→ The data

* * * * *

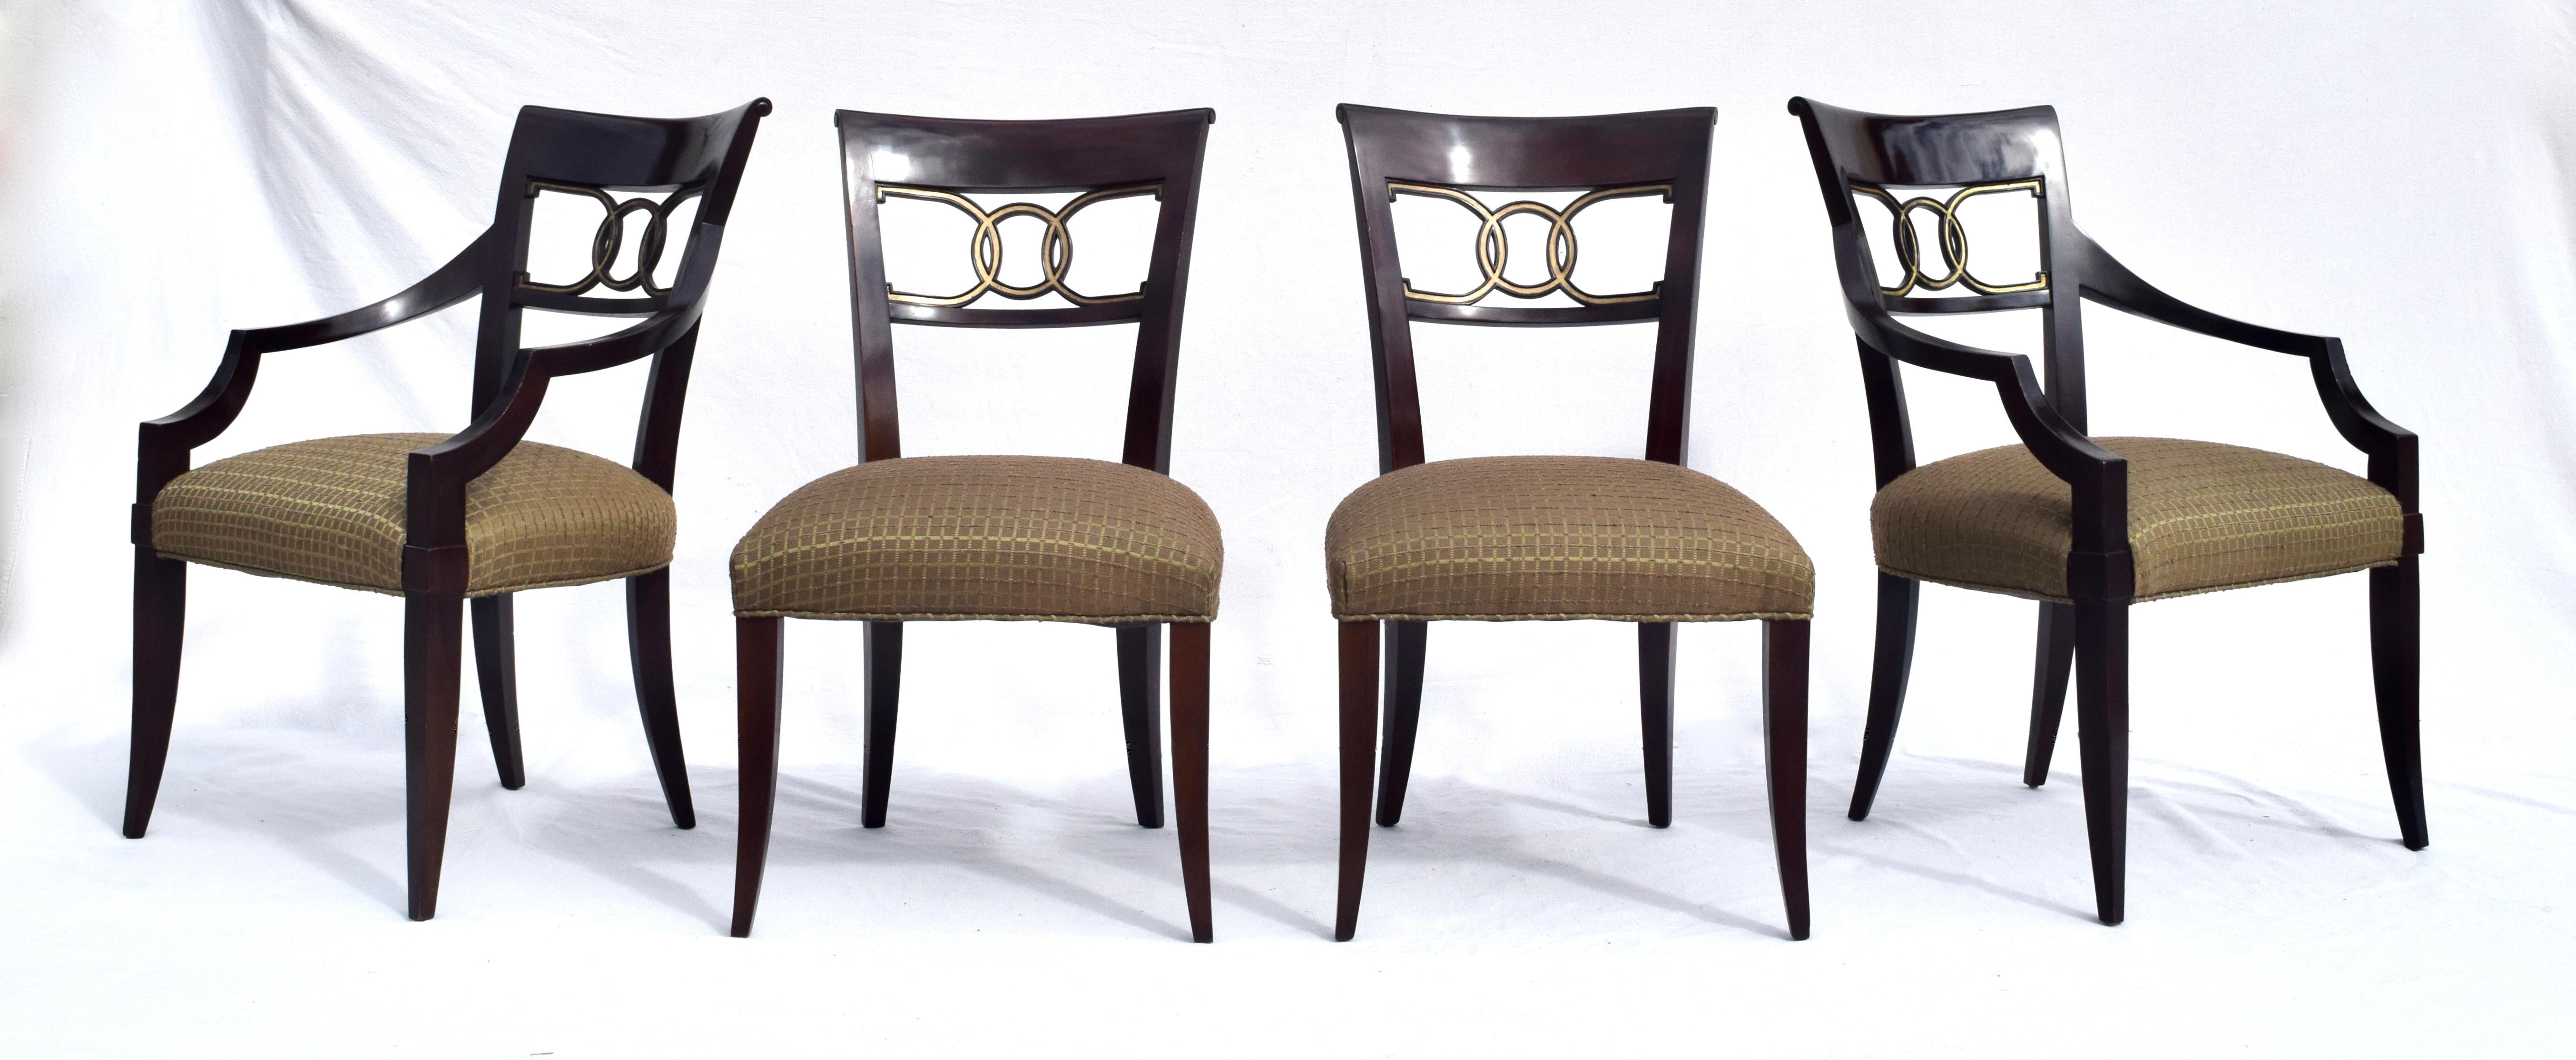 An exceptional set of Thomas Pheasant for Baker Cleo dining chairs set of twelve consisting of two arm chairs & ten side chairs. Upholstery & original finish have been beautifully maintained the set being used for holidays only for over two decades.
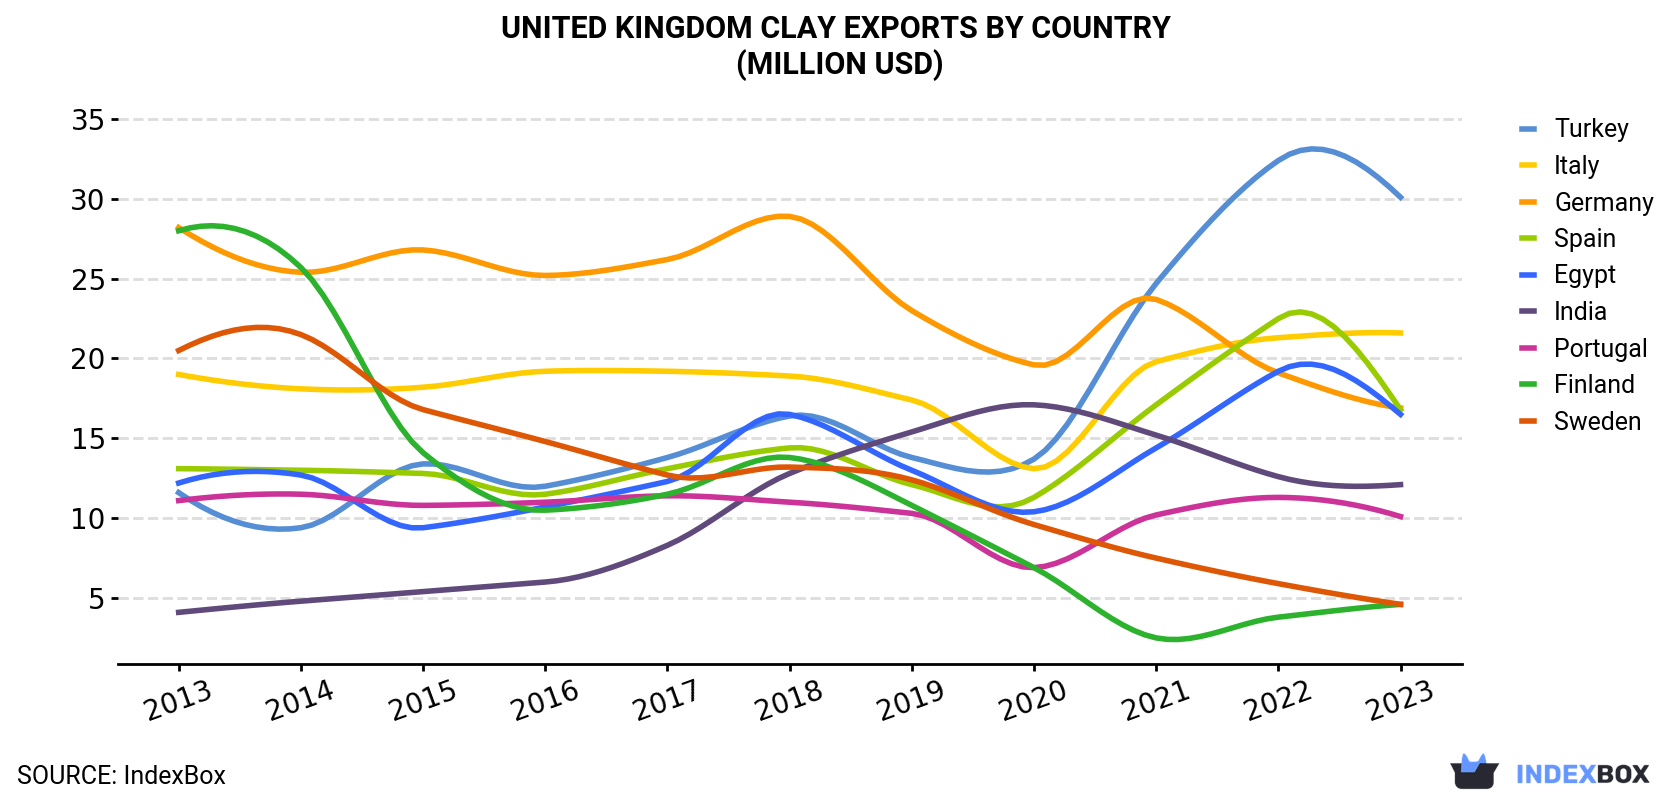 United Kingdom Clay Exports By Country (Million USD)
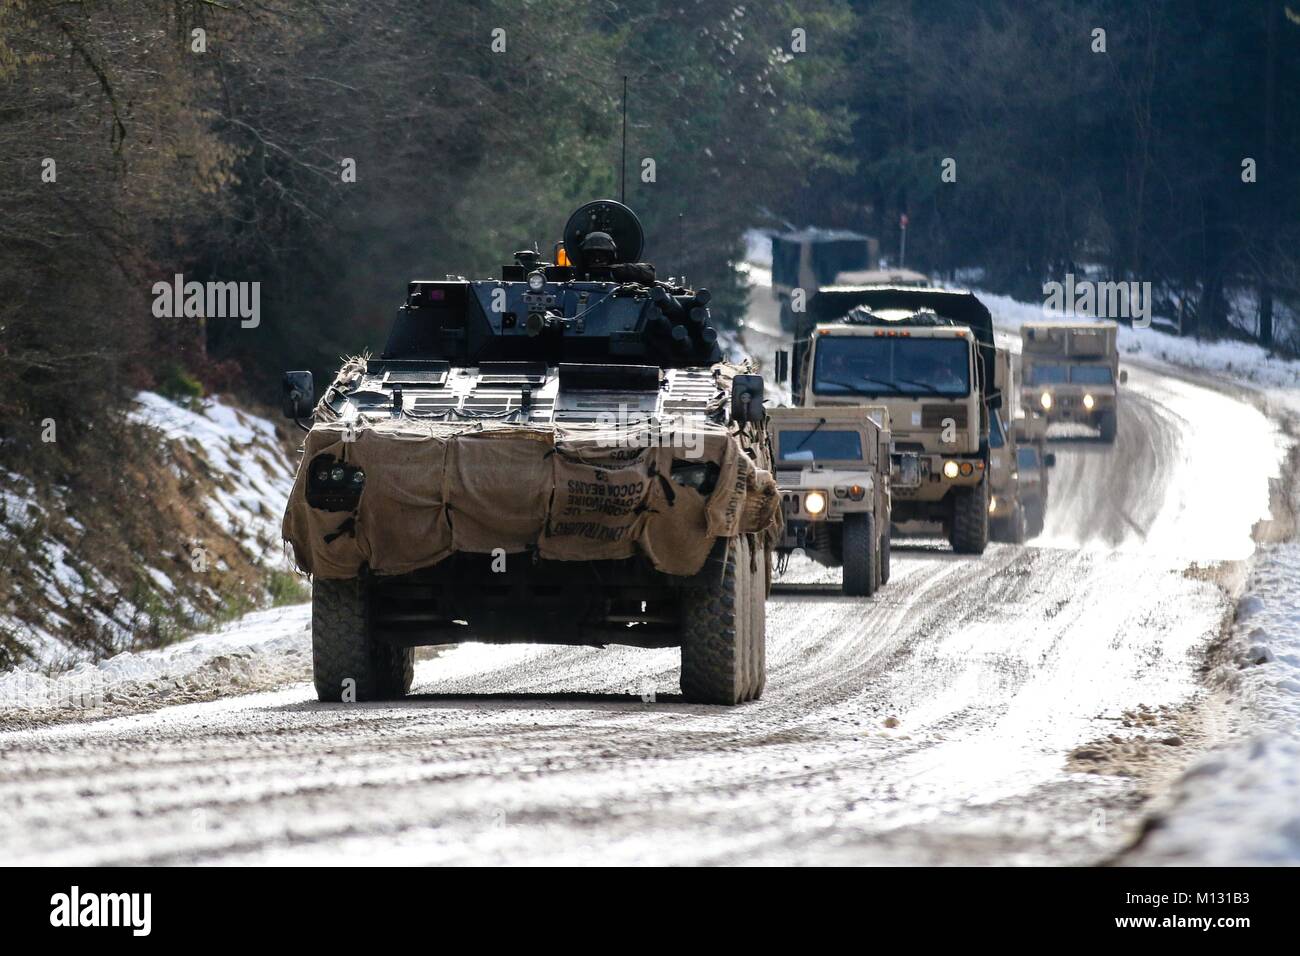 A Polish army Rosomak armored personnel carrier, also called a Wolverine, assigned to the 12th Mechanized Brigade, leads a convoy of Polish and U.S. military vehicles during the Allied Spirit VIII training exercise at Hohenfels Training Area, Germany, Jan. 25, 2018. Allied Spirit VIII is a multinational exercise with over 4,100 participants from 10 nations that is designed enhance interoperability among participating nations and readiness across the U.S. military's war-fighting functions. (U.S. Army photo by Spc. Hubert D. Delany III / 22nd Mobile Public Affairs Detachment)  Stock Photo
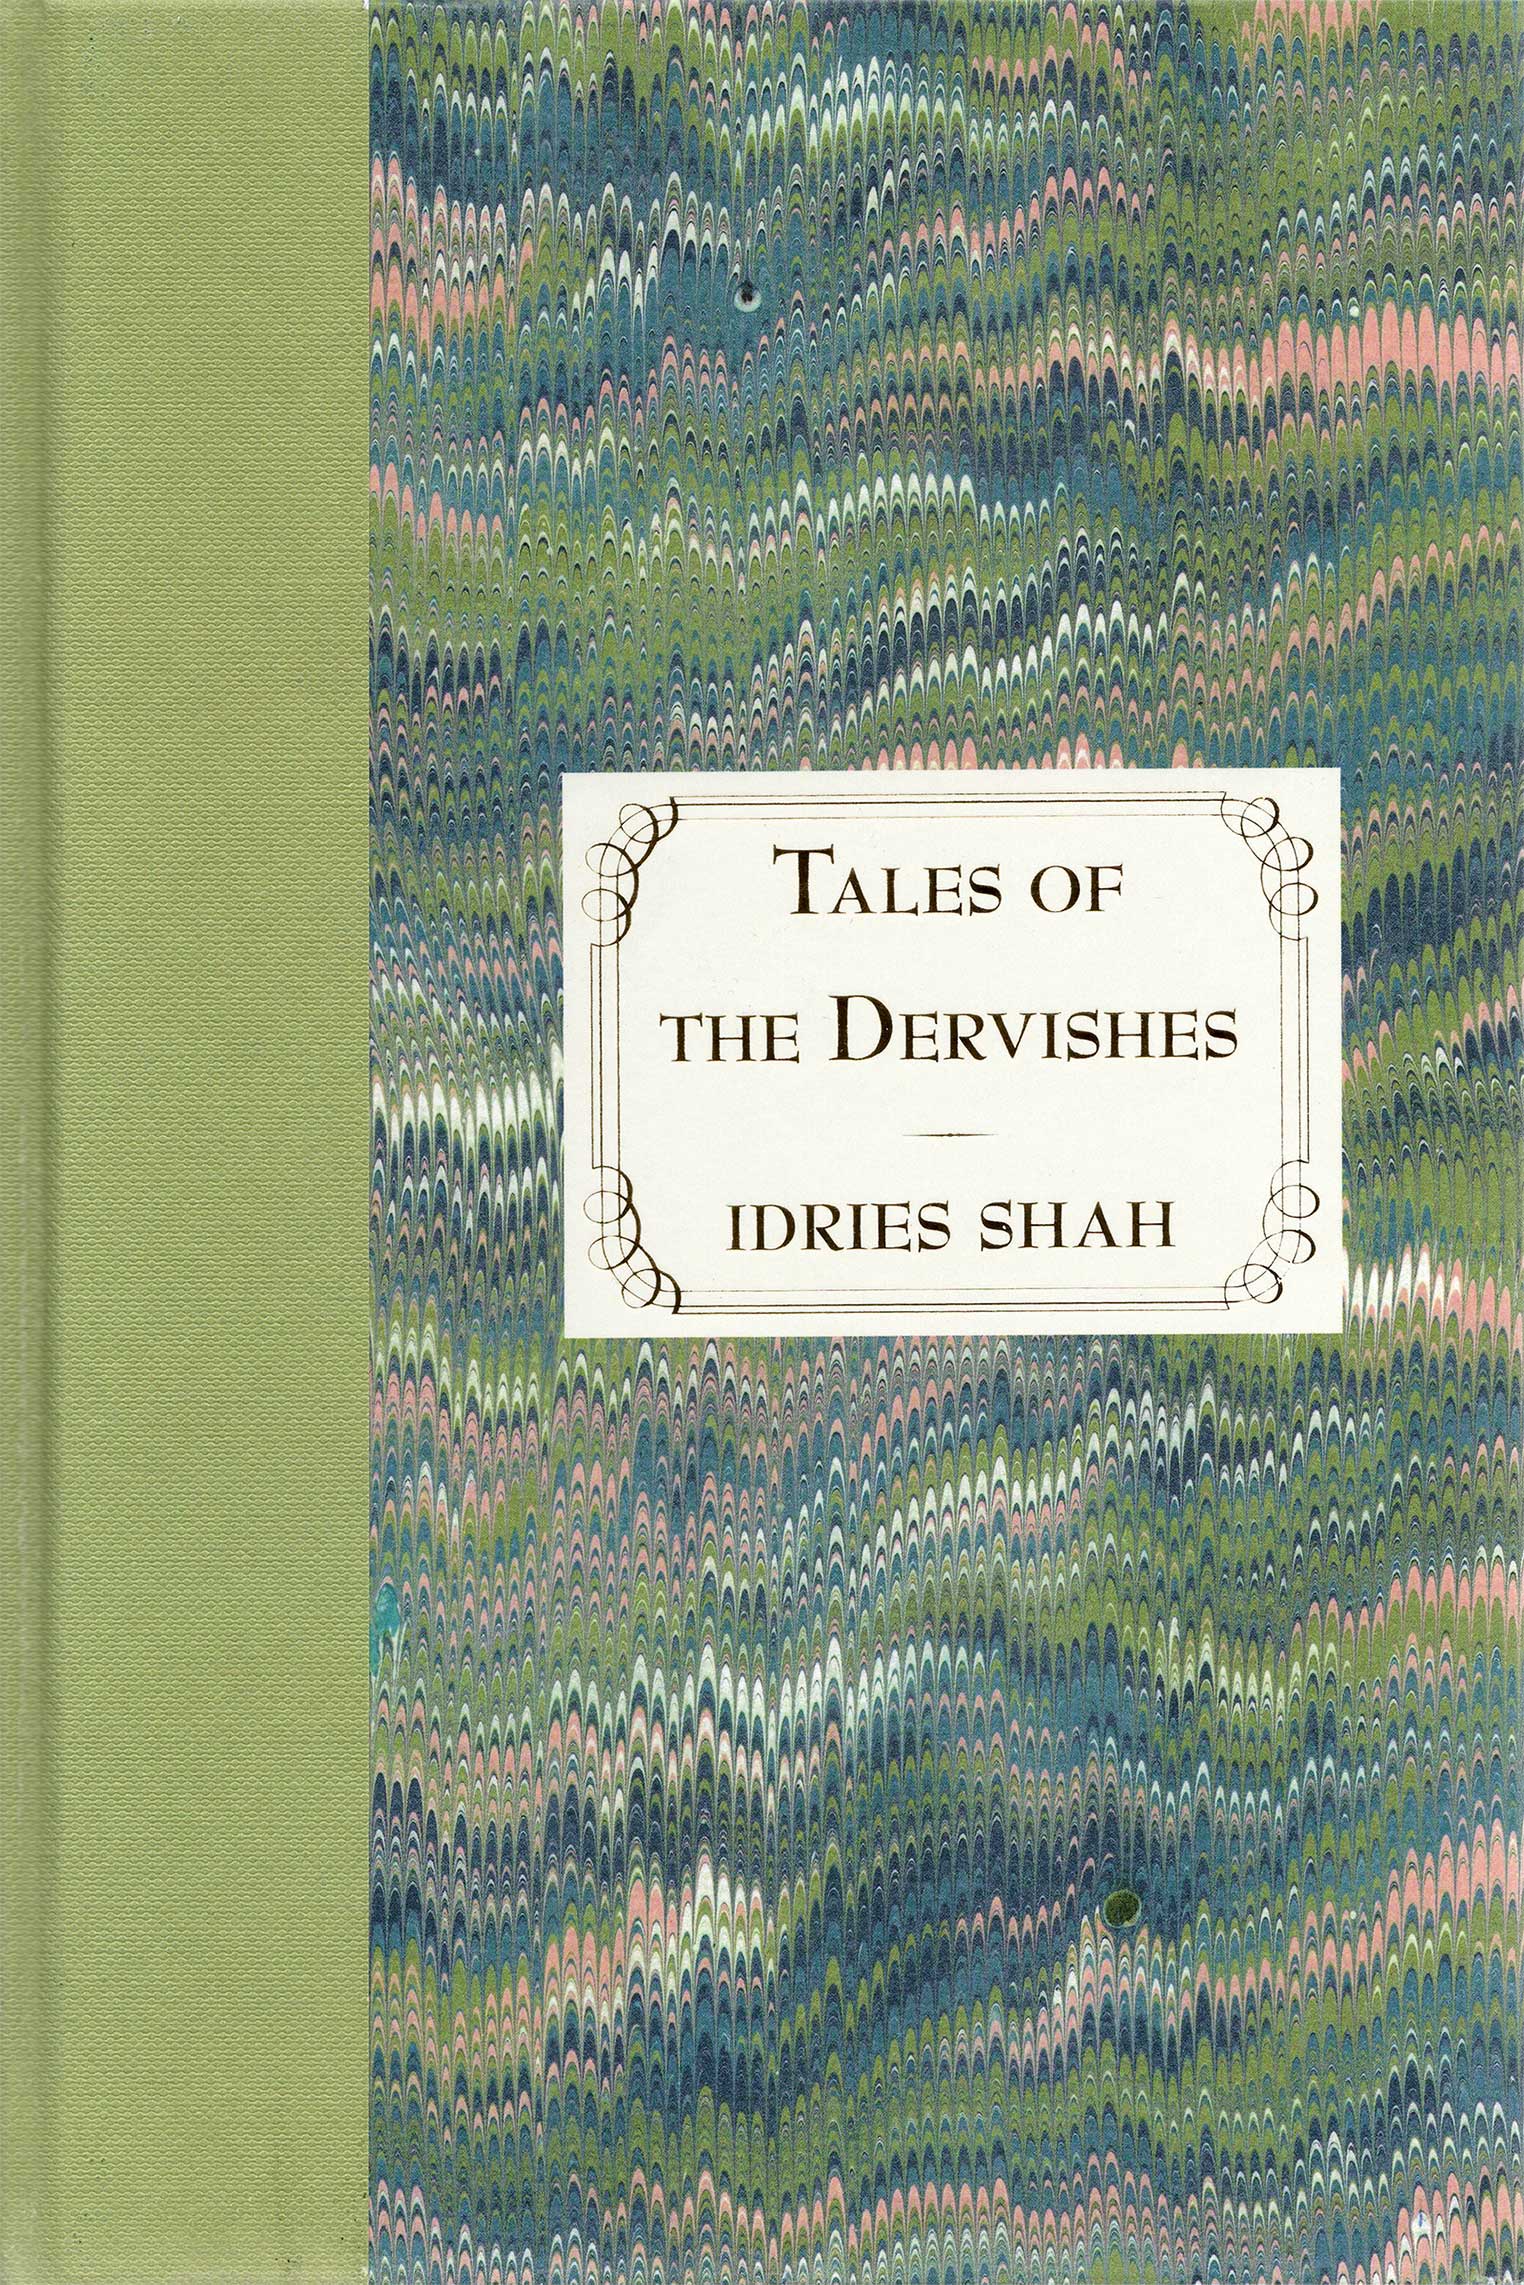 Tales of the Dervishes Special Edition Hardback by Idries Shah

* * * * *

Nothing should appear in the reply except the lines from the start of the listing above through the line with "A Polish army", repeated exactly and free of pictures.

→ Answer section
 An exceptional set of Thomas Pheasant for Baker Cleo dining chairs set of twelve consisting of two arm chairs & ten side chairs. Upholstery & original finish have been beautifully maintained the set being used for holidays only for over two decades.
 United Kingdom Clay Exports By Country (Million USD)
 A Polish army Rosomak armored personnel carrier, also called a Wolverine, assigned to the 12th Mechanized Brigade, leads a convoy of Polish and U.S. military vehicles during the Allied Spirit VIII training exercise at Hohenfels Training Area, Germany, Jan. 25, 2018. Allied Spirit VIII is a multinational exercise with over 4,100 participants from 10 nations that is designed enhance interoperability among participating nations and readiness across the U.S. military's war-fighting functions. (U.S. Army photo by Spc. Hubert D. Delany III / 22nd Mobile Public Affairs Detachment)  Stock Photo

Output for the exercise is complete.